Engorgement can occur at any time during breastfeeding. It occurs when a milk duct becomes blocked, the affected part becomes hard and sensitive. Relief can be obtained from breastfeeding regularly on the side that is affected, placing the baby in a position in which the baby’s chin is aligned with the engorged spot. It may take several attempts to relieve a blocked duct. An electric breast pump may also be used is necessary to provide relief.

Not having enough milk is a big fear for first time breastfeeding mums. Newborn babies and those going through growth spurts will want to feed a lot. Regularly breastfeeding a baby showing signs of demanding more milk will quickly regulate the supply. A baby is most probably getting enough milk if they are gaining weight, have 6-8 wet nappies and 2-5 dirty nappies per day.

If you feel that your milk supply is not keeping up with demand, there are a few helpful supplements that may assist. Galactagogues are a type of herb that promote milk supply. These include fenugreek, fennel, goats rue, blessed thistle and alfalfa. Ask your naturopath for further advise on how and when to take these herbs may be best for you.

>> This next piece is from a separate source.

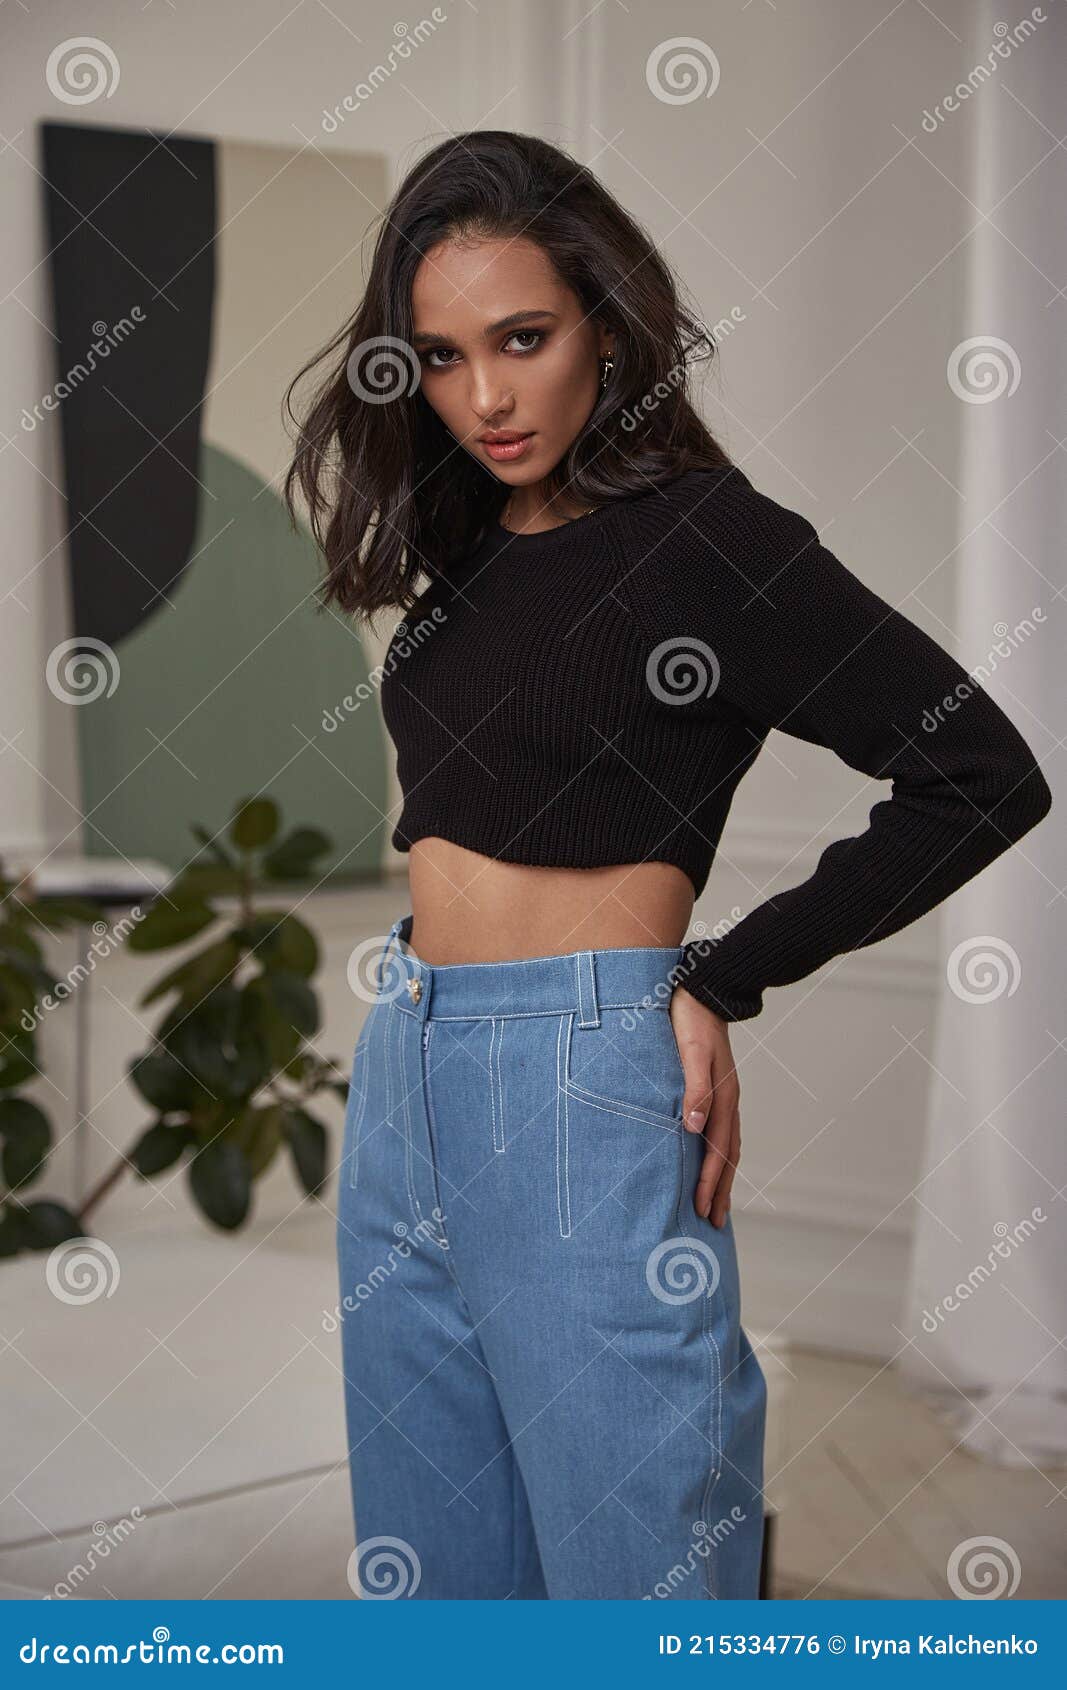 Moda Hermosa Modelo Sexy Bonita Dama Piel Bronceada Oscura Mujer Morena Pelo Desgaste Denim Jeans Casual Oficina Estilo O Foto archivo - Imagen de estudio, actitud: 215334776

Too much milk is also a challenge for mother and baby. With too much milk a baby may repeatedly choke, and mothers breast may become quickly engorged. Only breastfeed from one breast and only drain enough milk from the other with a pump to obtain a noticeable relief of pressure. Then cool this breast for 15-20 minutes with quark or cabbage leaves. After a few days the supply should have stabalised.

Do not use cabbage leaves for longer then 2 days or 3 times a day. If you feel that your supply is not regulating according to the demand, there are some herbal supplements that may also assist in decreasing the milk supply. Consult with your naturopath.

Nutrition is also very important to ensure a good milk supply. See my blog on optimal nutrition for the nursing mother for further information.


1 Comments to “By Leisha Novy – Naturopath”

  1. Stefi says:

    I totally agree with Amber that it’s been the inocidurtton of solid foods, and not breastfeeding, that have cleaned up my diet. Now that my 14-month old daughter eats what we eat (and, indeed, gets FURIOUS if we eat something and don’t share), I can’t get away with eating brownies for breakfast! And I don’t want her to be addicted to processed and junk foods the way I always have been. So she eats mostly fruits, vegetables, and eggs from the farmer’s market, all organic, and now we do, too! I won’t put anything into her body that’s junky (this includes meat/chicken from commercial feedlots), so we kind of have to follow suit. And it has been great! We don’t shun fat or sugar, we just eat only things that are very pure and whole. I have to say, I am really grateful to parenthood for FINALLY getting me to eat healthy (lord KNOWS I did not eat healthy during pregnancy or early days of breastfeeding and my robust child has always been the picture of health, anyway).